Abstract
BACKGROUND
Calculating the maximum heart rate for age is one method to characterize the maximum effort of an individual. Although this method is commonly used, little is known about heart rate dynamics in optimized beta-blocked heart failure patients.
AIM
The aim of this study was to evaluate heart rate dynamics (basal, peak and % heart rate increase) in optimized beta-blocked heart failure patients compared to sedentary, normal individuals (controls) during a treadmill cardiopulmonary exercise test.
METHODS
Twenty-five heart failure patients (49±11 years, 76% male), with an average LVEF of 30±7%, and fourteen controls were included in the study.
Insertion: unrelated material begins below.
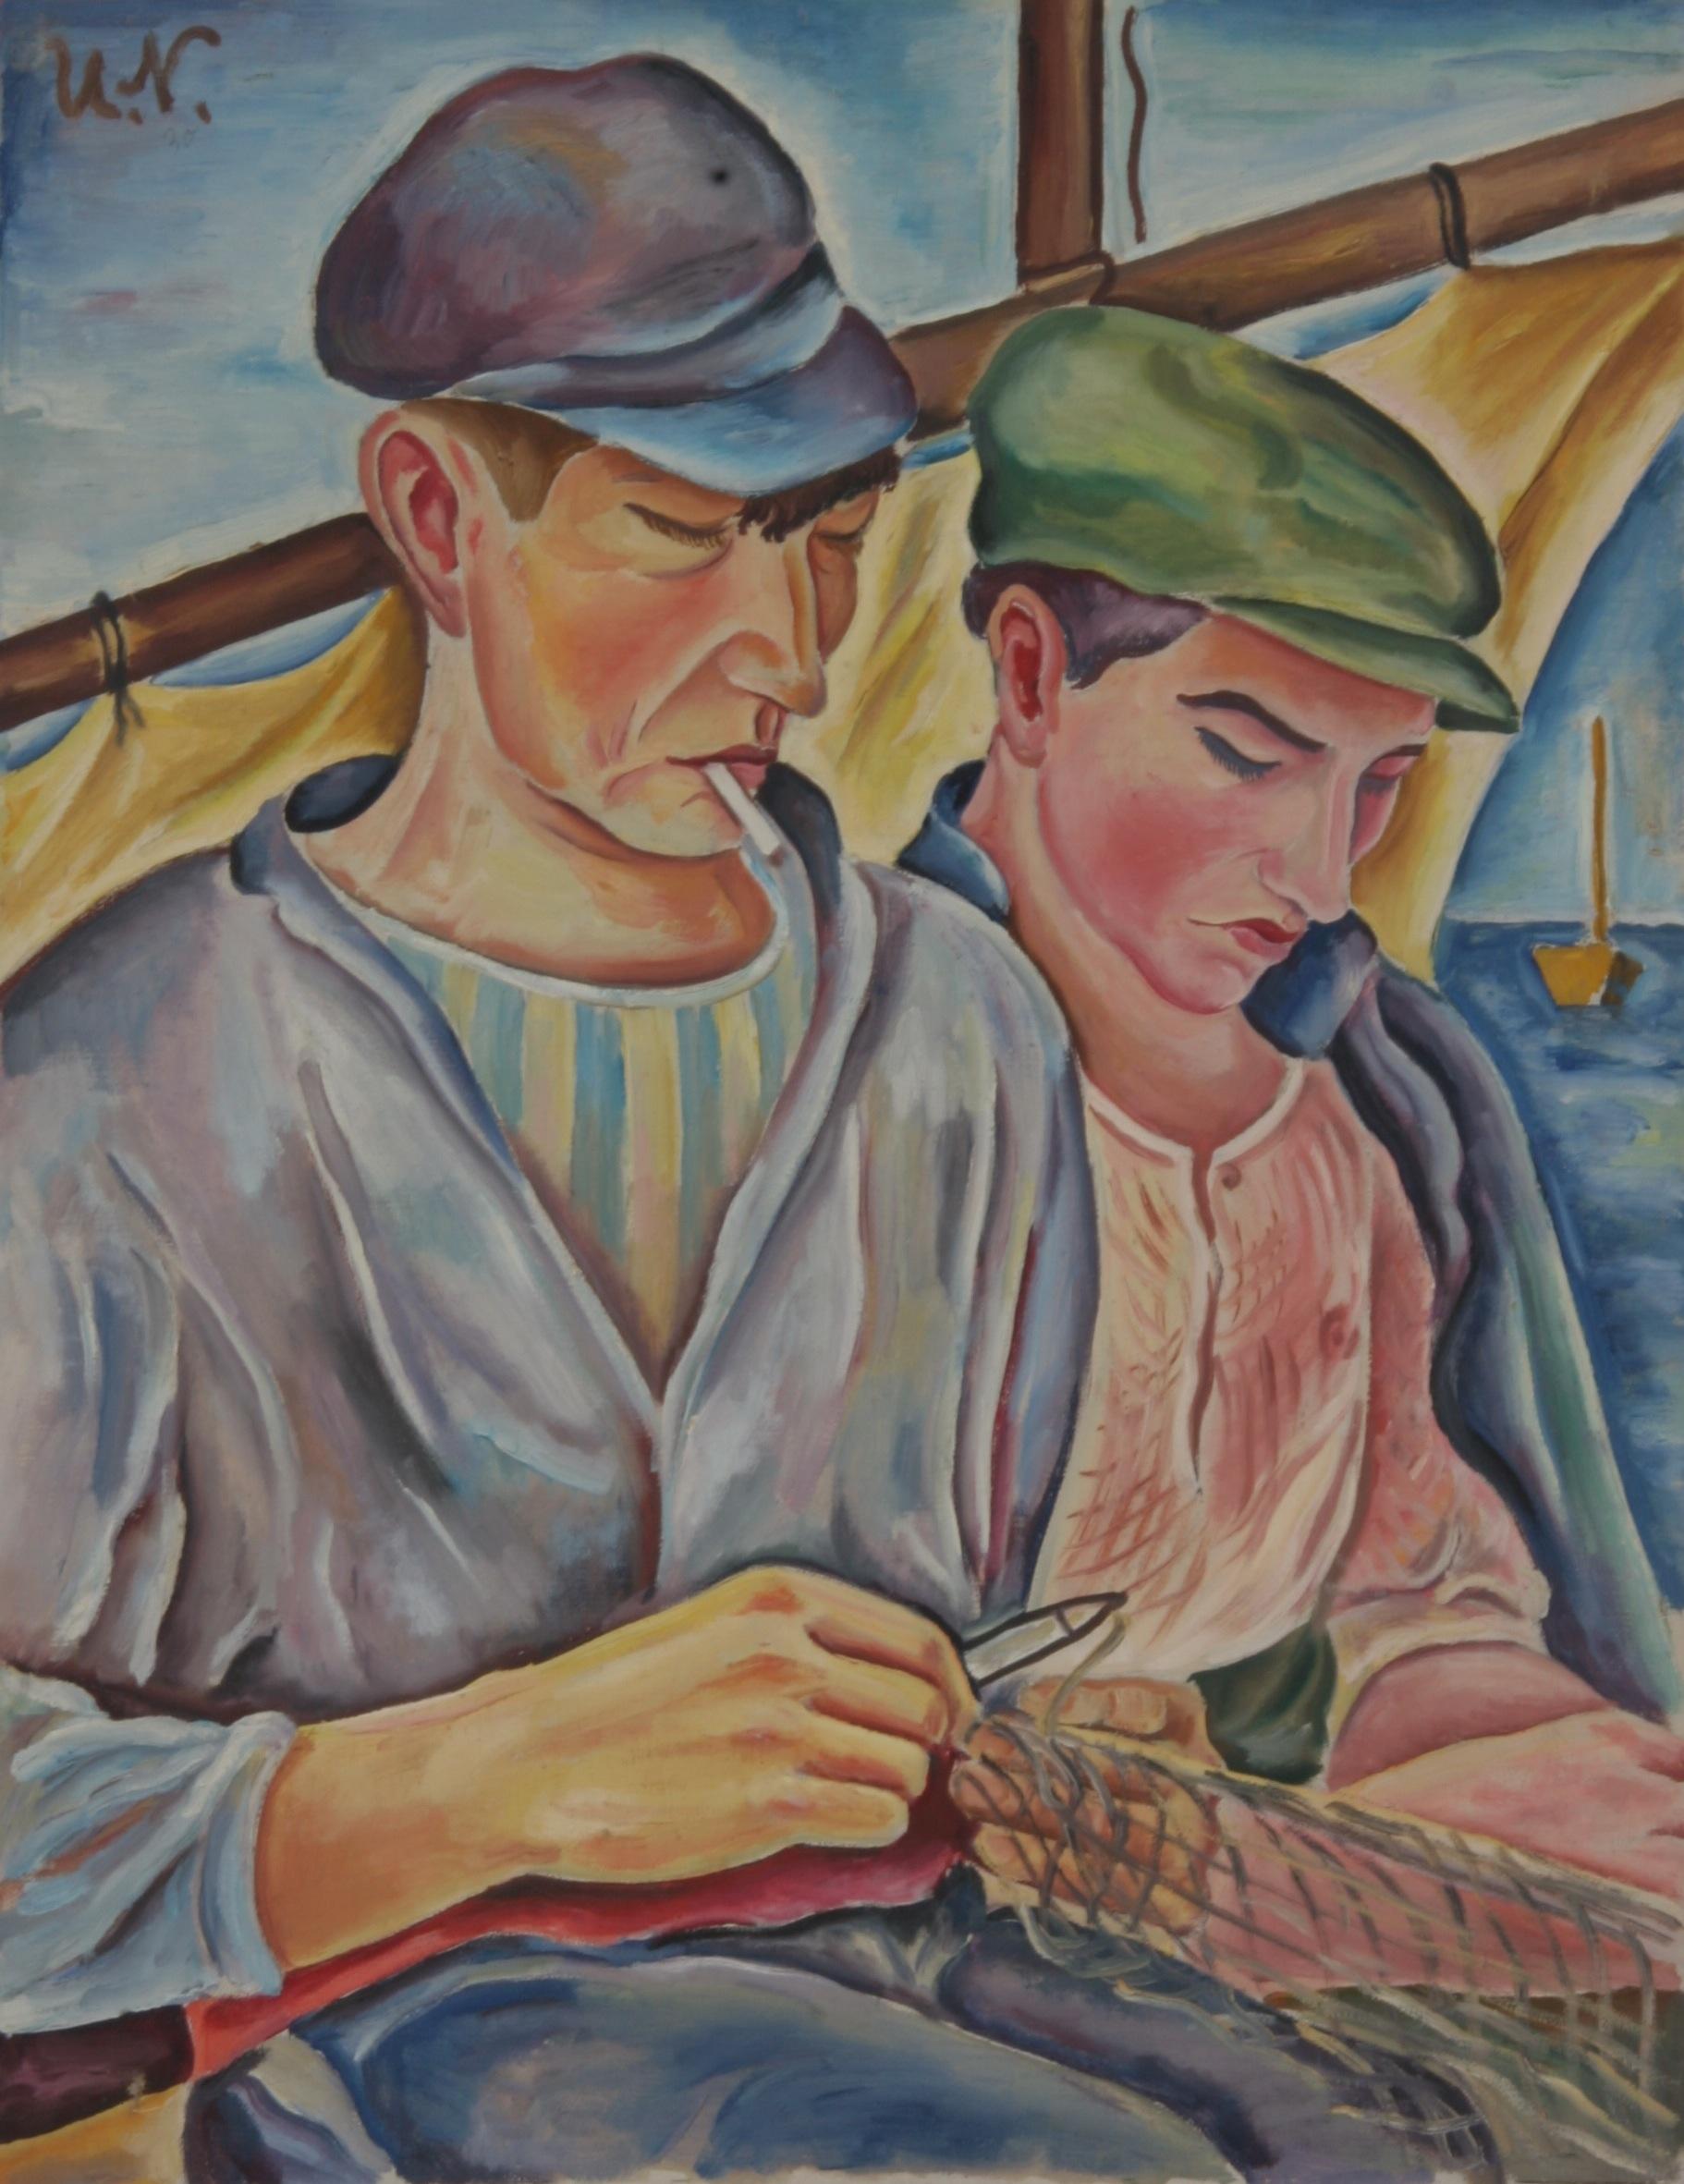 Zwei Fischer im Boot mit Netz, 1930, Öl auf Leinen, 50 x 65 cm

Patients with atrial fibrillation, a pacemaker or noncardiovascular functional limitations or whose drug therapy was not optimized were excluded. Optimization was considered to be 50 mg/day or more of carvedilol, with a basal heart rate between 50 to 60 bpm that was maintained for 3 months.
RESULTS
Basal heart rate was lower in heart failure patients (57±3 bpm) compared to controls (89±14 bpm; p<0.0001). Similarly, the peak heart rate (% maximum predicted for age) was lower in HF patients (65.4±11.1%) compared to controls (98.6±2.2; p<0.0001). Maximum respiratory exchange ratio did not differ between the groups (1.2±0.5 for controls and 1.15±1 for heart failure patients; p=0.42). All controls reached the maximum heart rate for their age, while no patients in the heart failure group reached the maximum. Moreover, the % increase of heart rate from rest to peak exercise between heart failure (48±9%) and control (53±8%) was not different (p=0.157).
CONCLUSION
No patient in the heart failure group reached the maximum heart rate for their age during a treadmill cardiopulmonary exercise test, despite the fact that the percentage increase of heart rate was similar to sedentary normal subjects. A heart rate increase in optimized beta-blocked heart failure patients during cardiopulmonary exercise test over 65% of the maximum age-adjusted value should be considered an effort near the maximum. This information may be useful in rehabilitation programs and ischemic tests, although further studies are required.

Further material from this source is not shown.